I have also noticed the scrub seems to vary in speed quite a lot. It was running at:
scan: scrub in progress since Sun Sep 13 23:00:09 2020 39.0T scanned at 1.40G/s, 35.6T issued at 1.28G/s, 70.1T total 2M repaired, 50.81% done, 0 days 07:40:12 to go
But slowed down substantally:
scan: scrub in progress since Sun Sep 13 23:00:09 2020 39.0T scanned at 601M/s, 37.8T issued at 583M/s, 70.1T total 2M repaired, 53.95% done, 0 days 16:07:10 to go
And then seemed to be speeding up again
scan: scrub in progress since Sun Sep 13 23:00:09 2020 68.1T scanned at 919M/s, 39.4T issued at 531M/s, 70.1T total 3M repaired, 56.17% done, 0 days 16:50:09 to go
and now it seems to be showing it has scanned all 70.1T but is only 64.78% complete....
scan: scrub in progress since Sun Sep 13 23:00:09 2020 70.1T scanned at 906M/s, 45.4T issued at 587M/s, 70.1T total 3M repaired, 64.78% done, 0 days 12:14:51 to go
I assume the slowing down/speeding up is due to the sizes of the files being scrubbed and the load on the system but the numbers just feel a bit strange.
The only other issue i have had that may be related is some intermittent system hangs. When this occurs it seems to lock up the system at the console, crashes the WebUI and Plex transcoding freezes (but can restart) but SSH/SAMBA continue to work.

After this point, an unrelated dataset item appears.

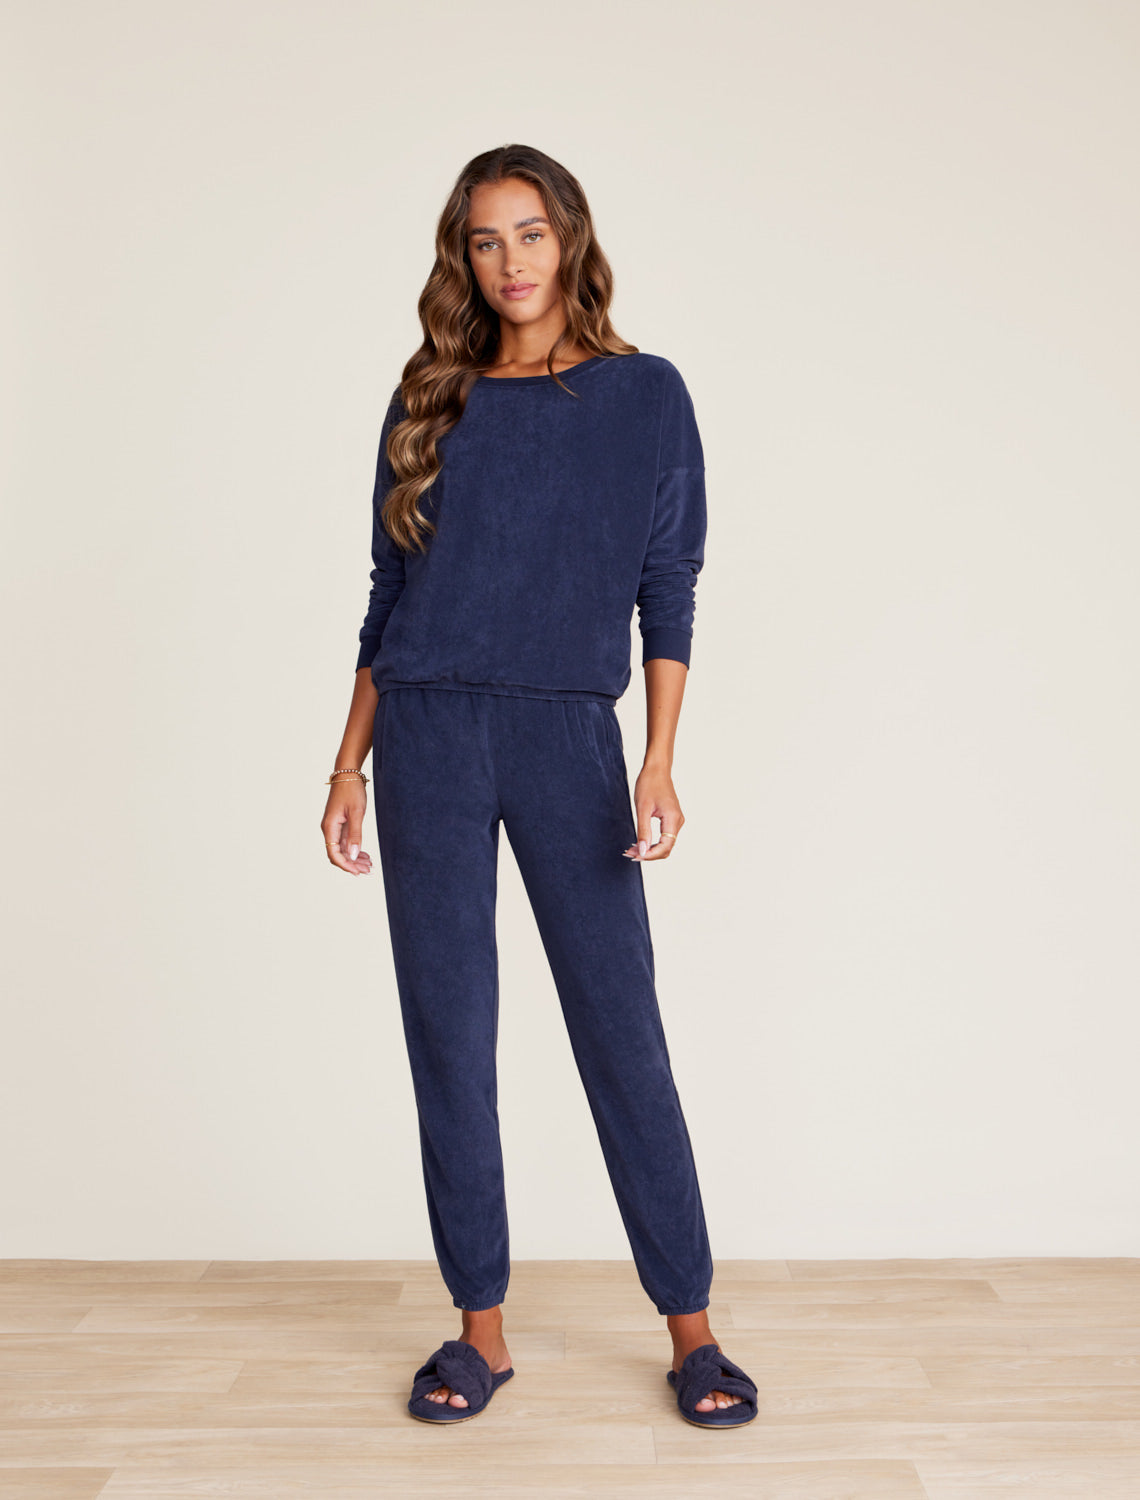 Barefoot Dreams, Ugg, and More Are on Sale in 's Loungewear Section

I get the following error in the message log:
Code:
Sep 13 02:44:46 freenas collectd[2072]: Traceback (most recent call last): File "/usr/local/lib/collectd_pyplugins/disktemp.py", line 60, in read with Client() as c: File "/usr/local/lib/python3.7/site-packages/middlewared/client/client.py", line 250, in __init__ self._ws.connect() File "/usr/local/lib/python3.7/site-packages/middlewared/client/client.py", line 93, in connect rv = super(WSClient, self).connect() File "/usr/local/lib/python3.7/site-packages/ws4py/client/__init__.py", line 223, in connect bytes = self.sock.recv(128) socket.timeout: timed out Sep 13 02:49:46 freenas collectd[2072]: Traceback (most recent call last): File "/usr/local/lib/collectd_pyplugins/disktemp.py", line 60, in read with Client() as c: File "/usr/local/lib/python3.7/site-packages/middlewared/client/client.py", line 250, in __init__ self._ws.connect() File "/usr/local/lib/python3.7/site-packages/middlewared/client/client.py", line 93, in connect rv = super(WSClient, self).connect() File "/usr/local/lib/python3.7/site-packages/ws4py/client/__init__.py", line 223, in connect bytes = self.sock.recv(128) socket.timeout: timed out
I had a disk that was logging increasing SMART errors that i thought was causing it so i replaced that disk and it seemed to stop for a while but has now happened again:
(Red=Hang Blue=Replace disk Green=Manual reboot)
Any help would be greatly appreciated!